## REQUIRED ACTION
Please give back, exactly as written, the lines from the line with "Schattenbild-Afrikaner Safari Animal" to the line with "Kufenstuhl MONTERA MCA" in the listing below, leaving out all pictures.

## AVAILABLE RECORDS
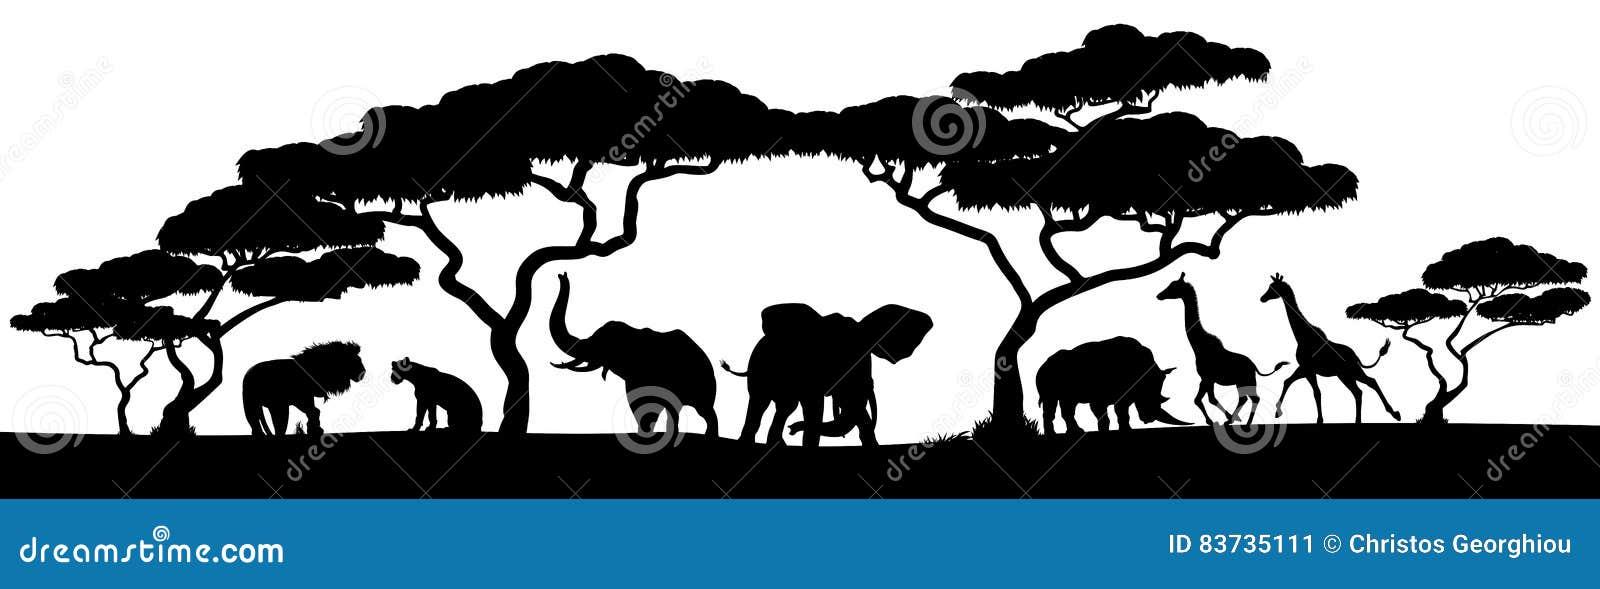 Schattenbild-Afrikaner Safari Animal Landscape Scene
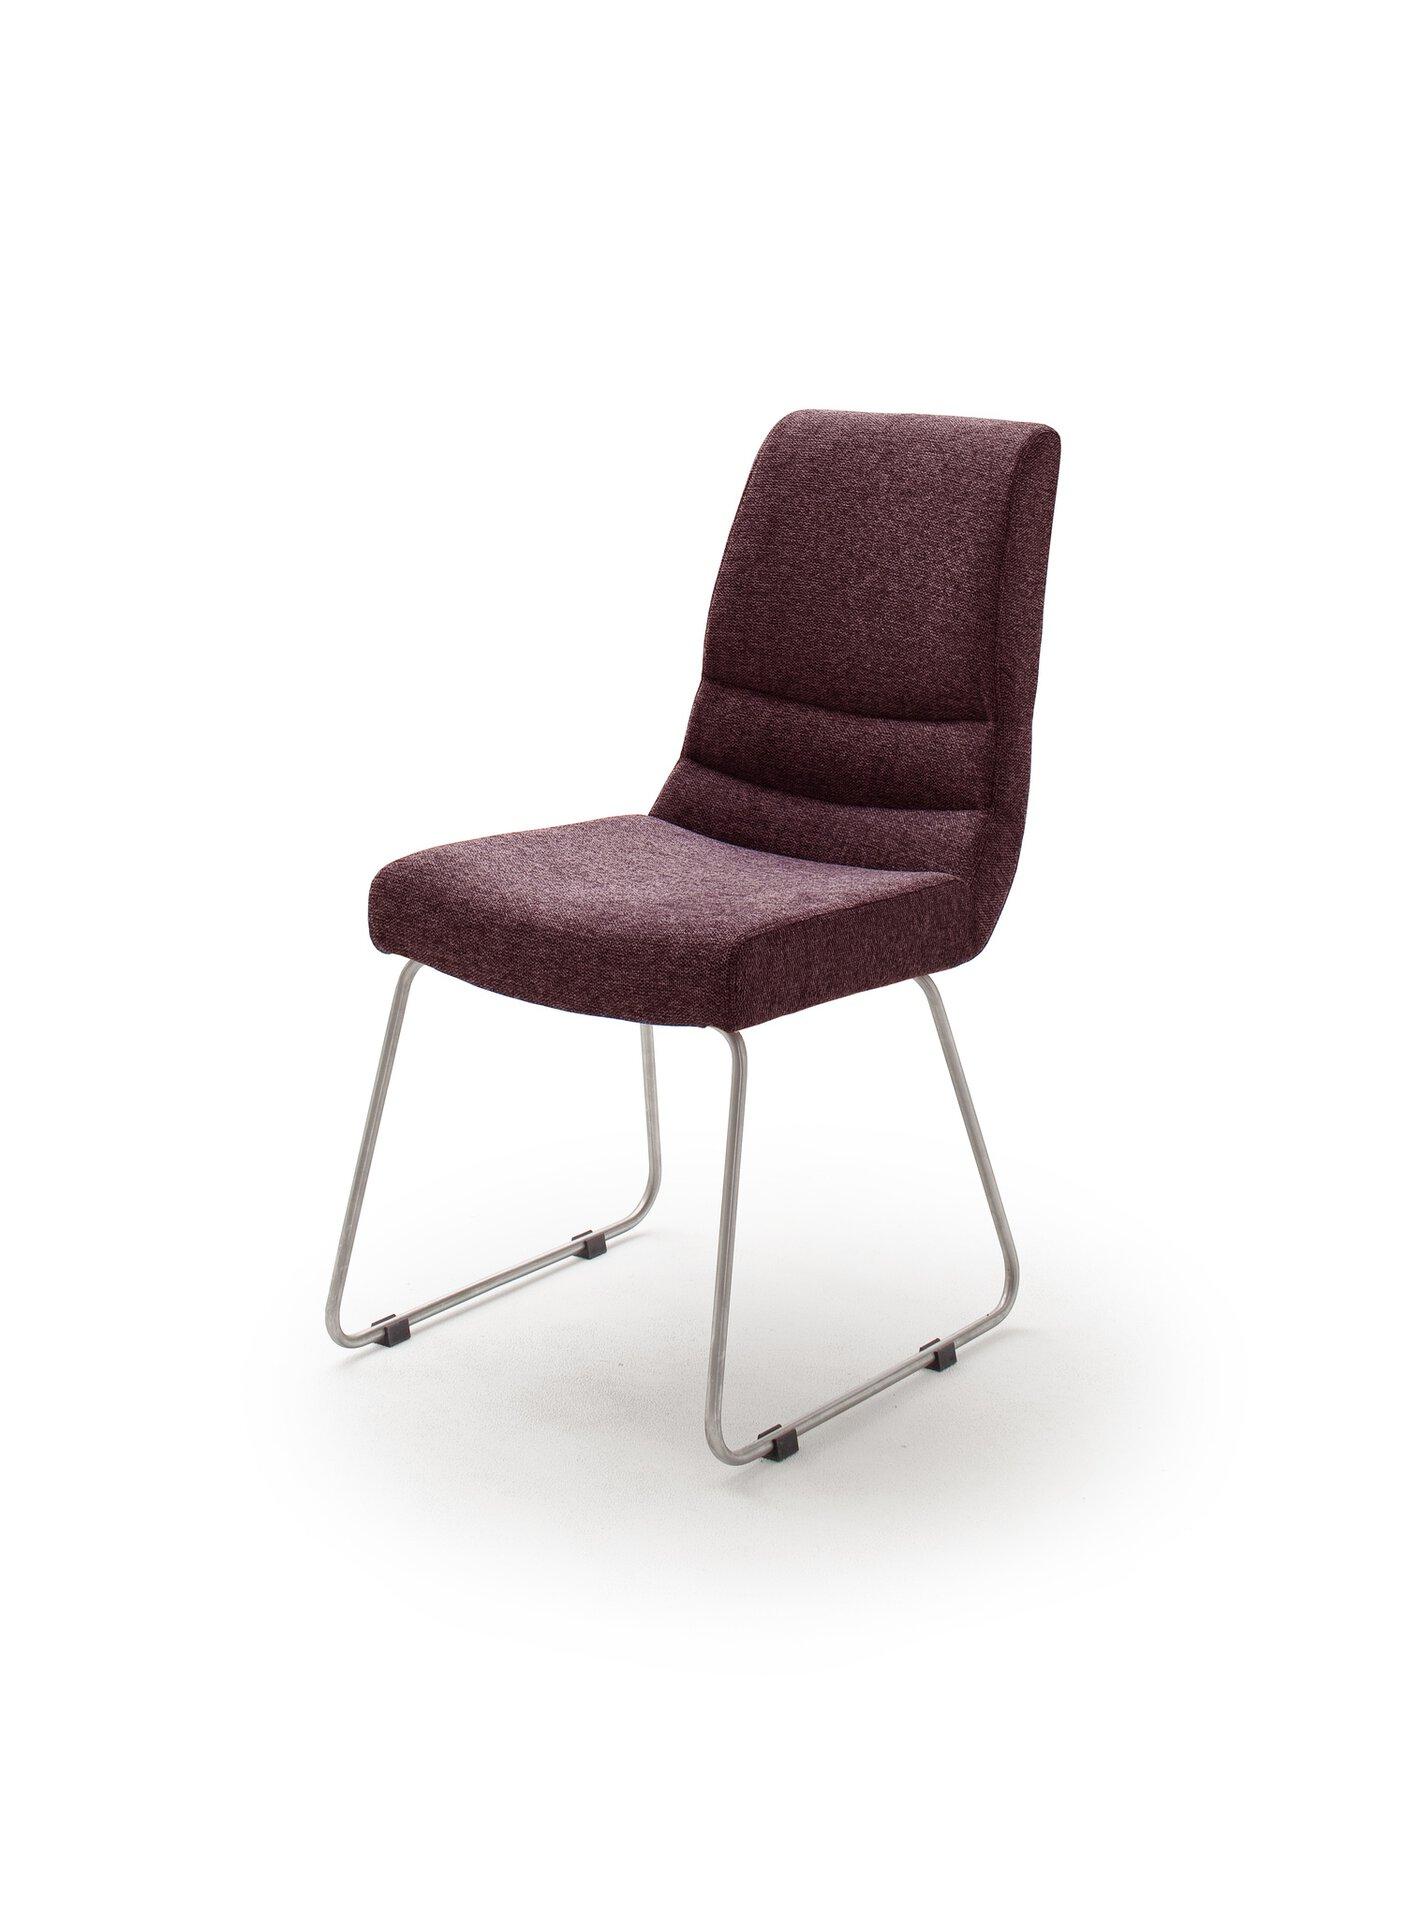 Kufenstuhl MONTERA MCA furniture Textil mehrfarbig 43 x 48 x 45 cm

--

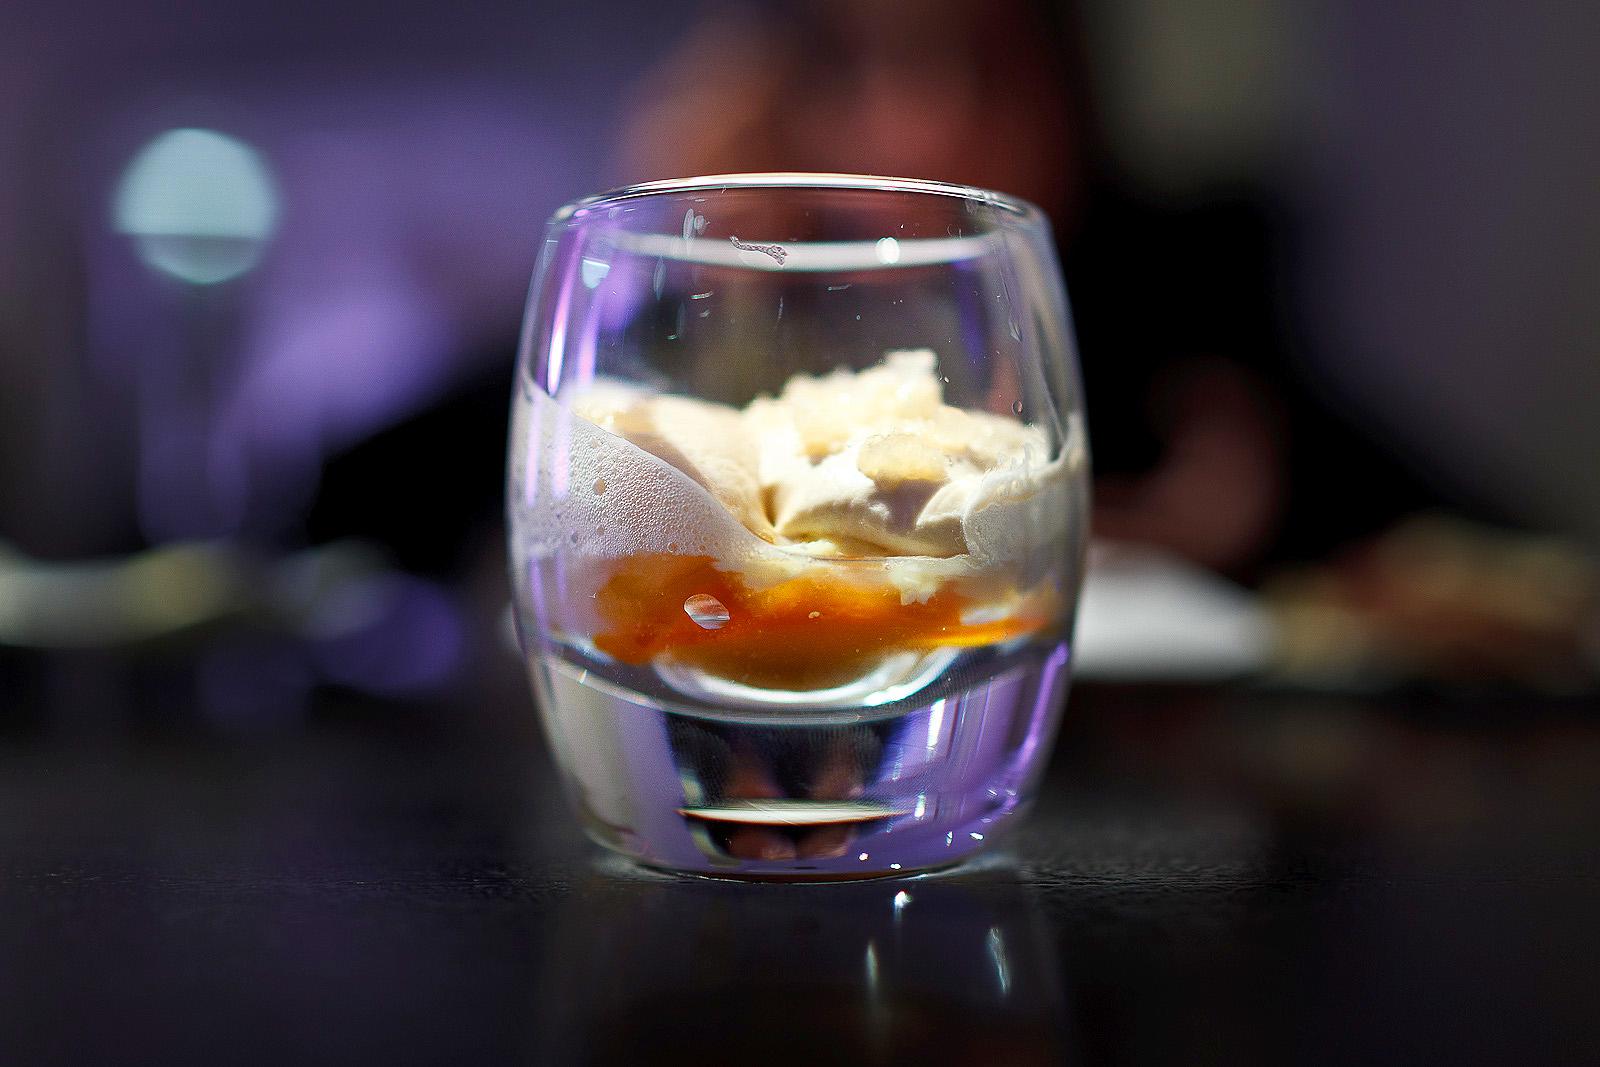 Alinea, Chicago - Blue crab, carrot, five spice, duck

## RESPONSE
 Schattenbild-Afrikaner Safari Animal Landscape Scene
 Kufenstuhl MONTERA MCA furniture Textil mehrfarbig 43 x 48 x 45 cm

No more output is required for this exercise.